> _Task goal_: Nothing but the pictures may be dropped; the rest of the listing is to be written out exactly.

> _Data provided_:
★ ★ ★ ★
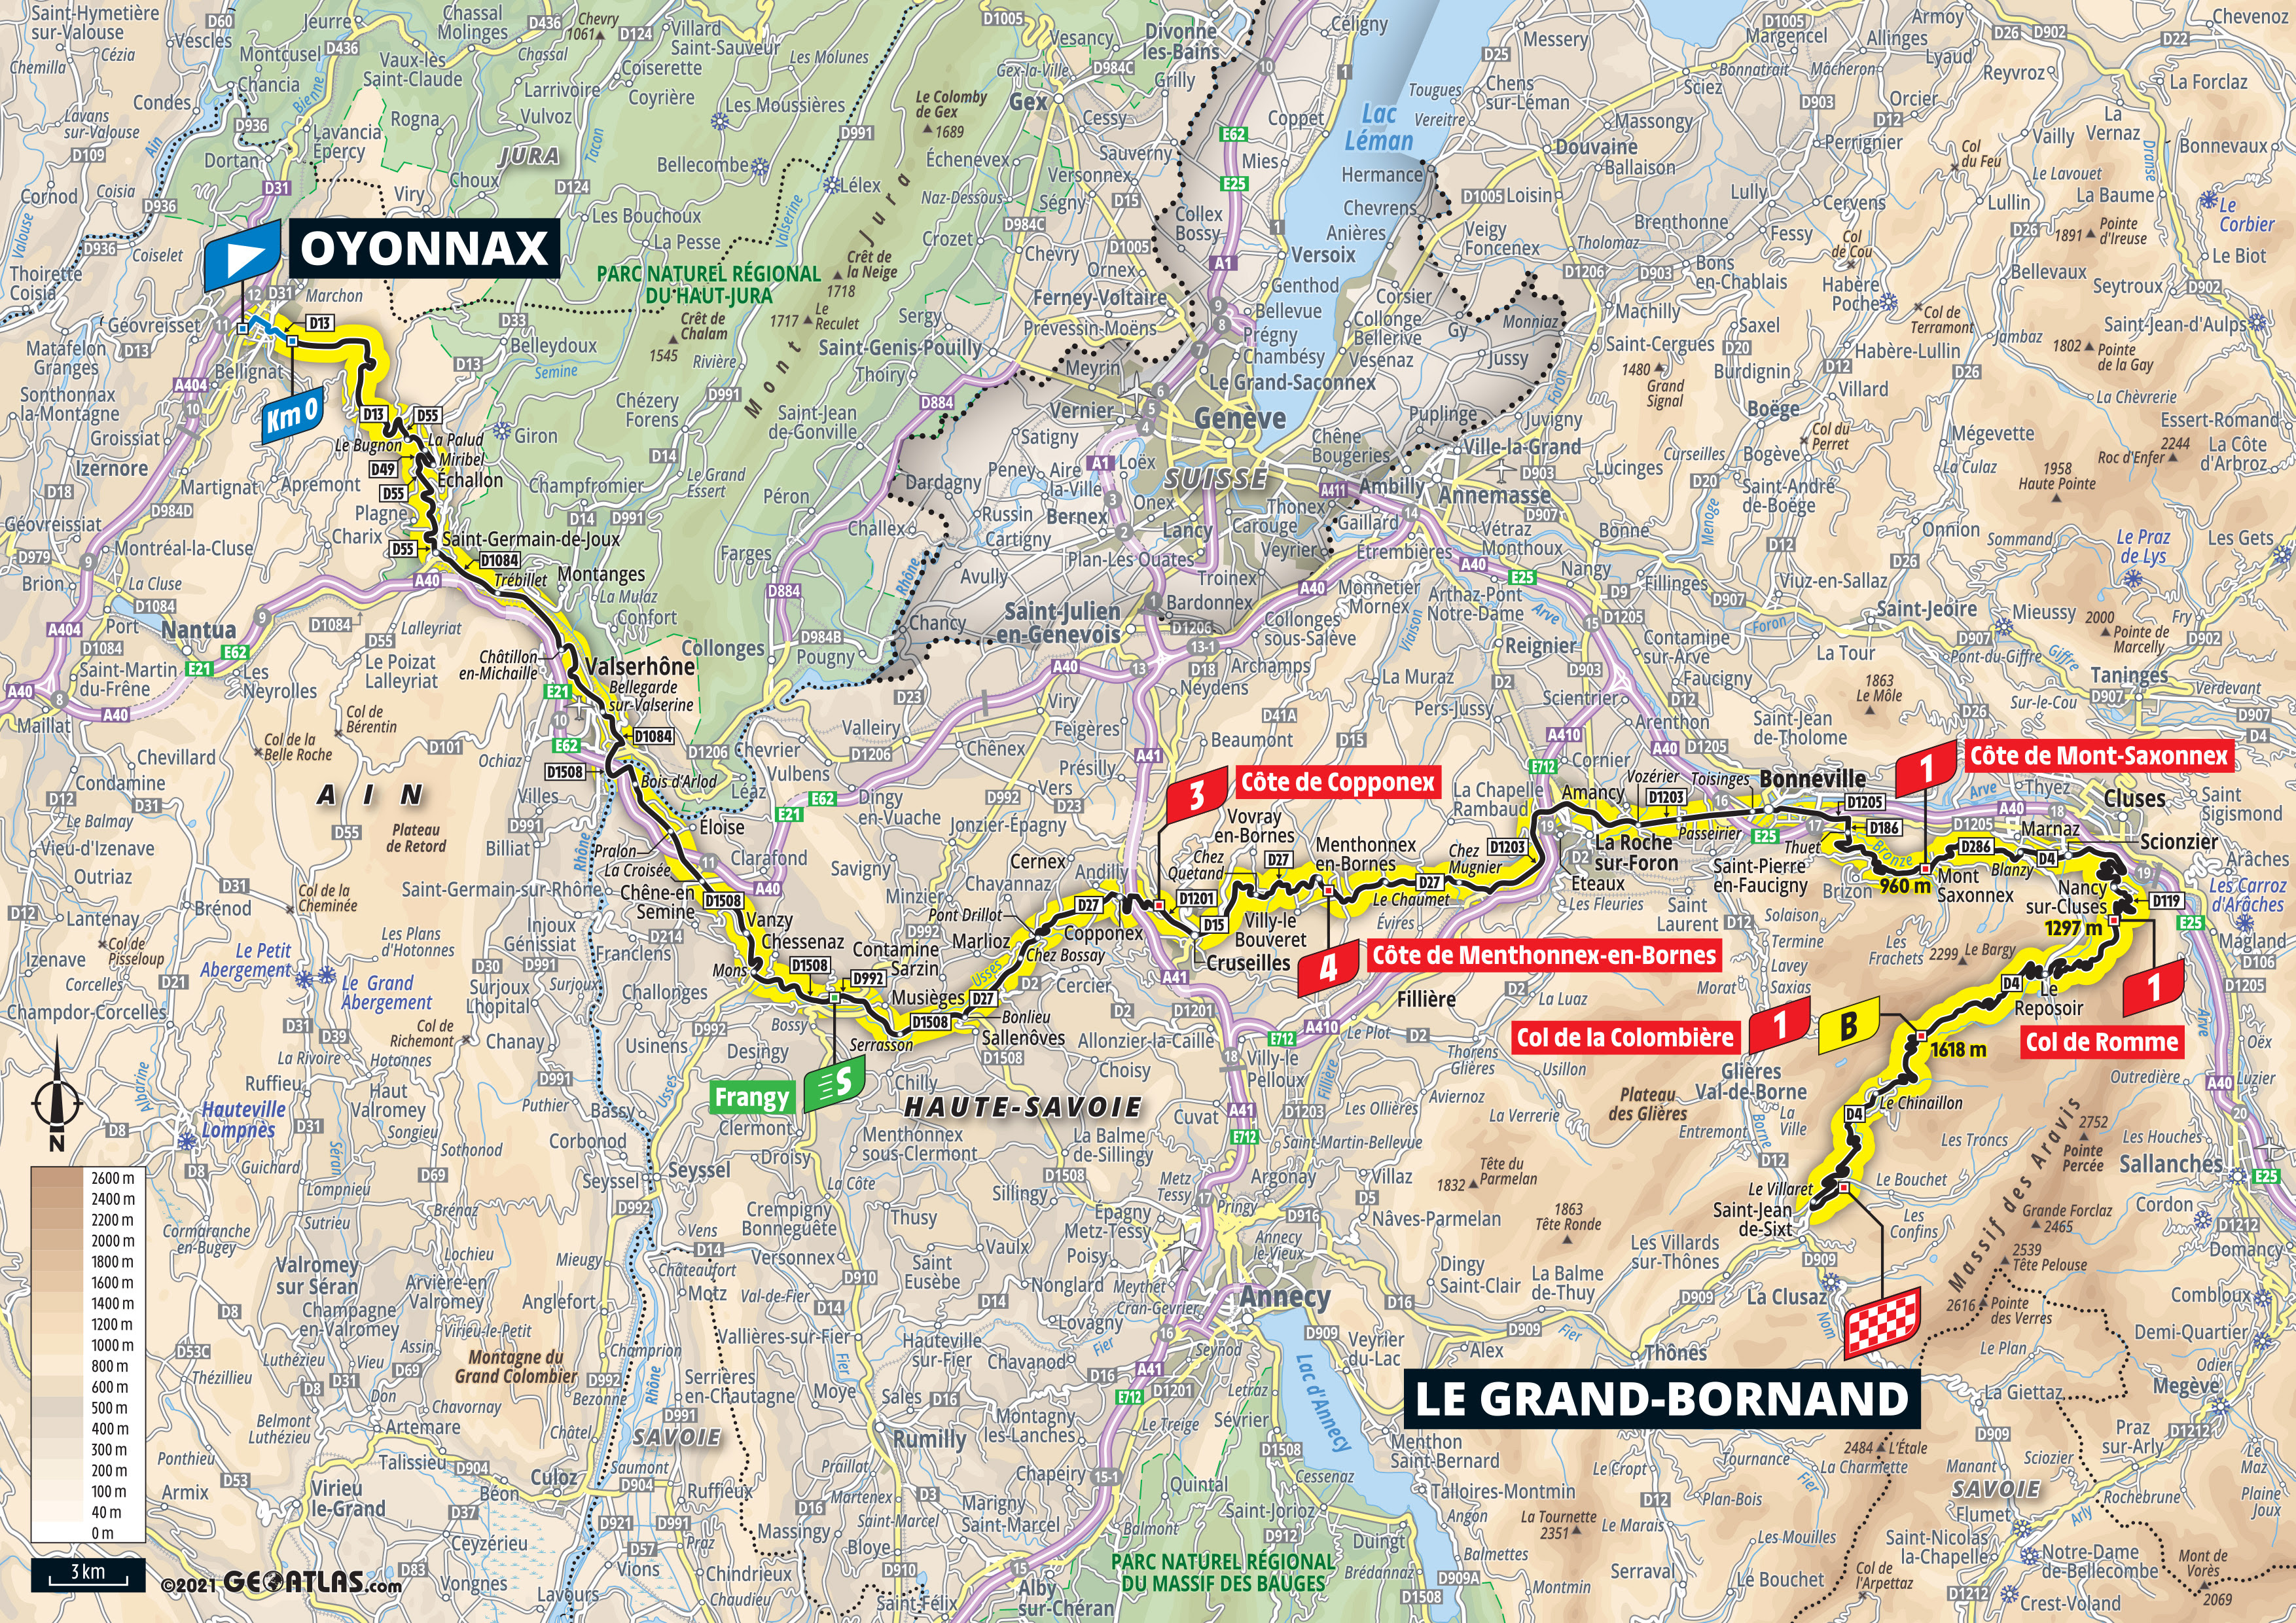 El recorrido del tour de france, las etapas, las ciudades, las fechas. 2021 Tour De France Live Video Route Photos Results Previews Tv Startlist
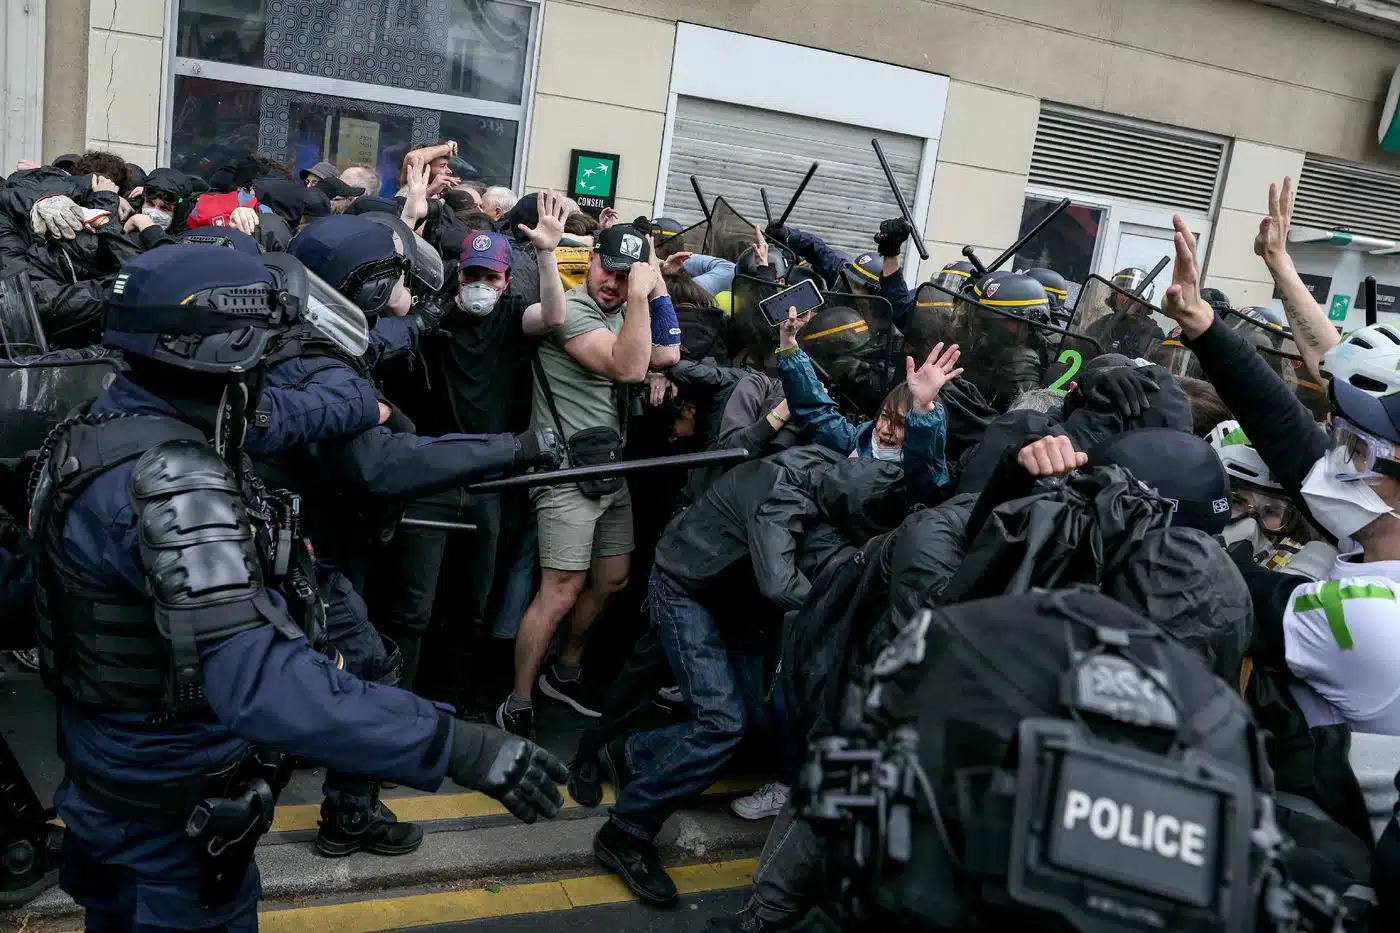 Tensions lors de la manifestation du 1er-Mai à Paris : 13 policiers blessés, plusieurs interpellations
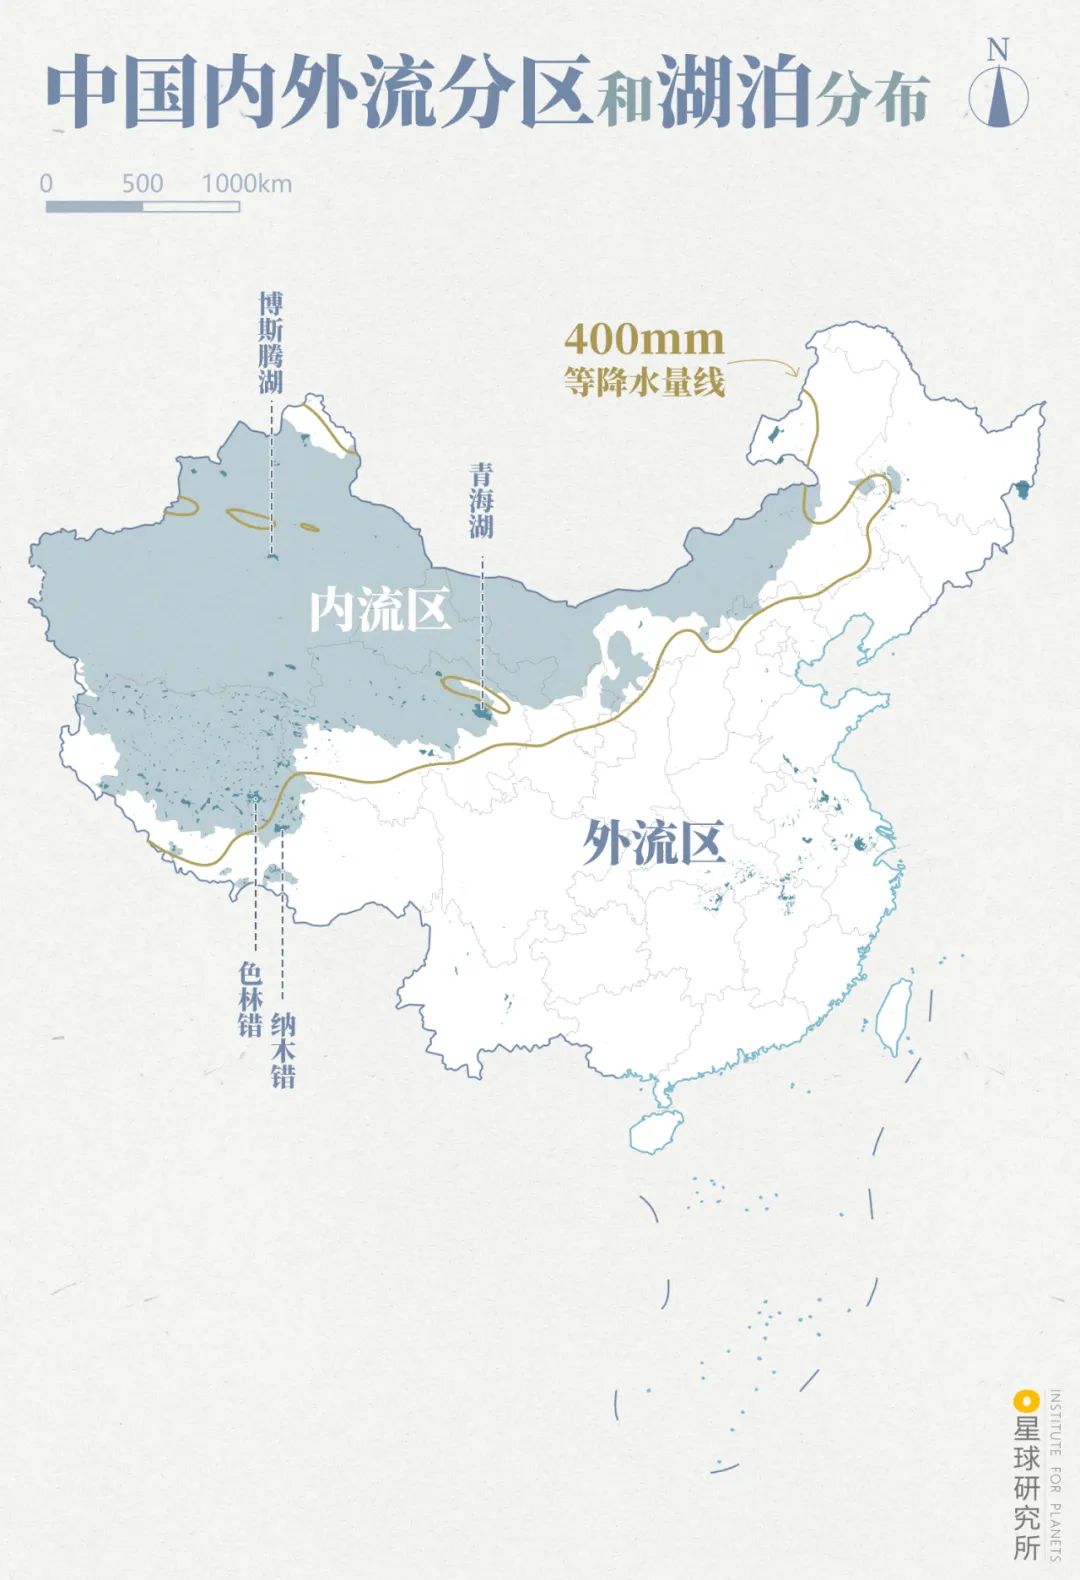 形成 外流湖 西北侧距海远,降水少 多形成 内流湖 (中国内外流分区
★ ★ ★ ★
> _Finished task_:
 El recorrido del tour de france, las etapas, las ciudades, las fechas. 2021 Tour De France Live Video Route Photos Results Previews Tv Startlist
 Tensions lors de la manifestation du 1er-Mai à Paris : 13 policiers blessés, plusieurs interpellations
 形成 外流湖 西北侧距海远,降水少 多形成 内流湖 (中国内外流分区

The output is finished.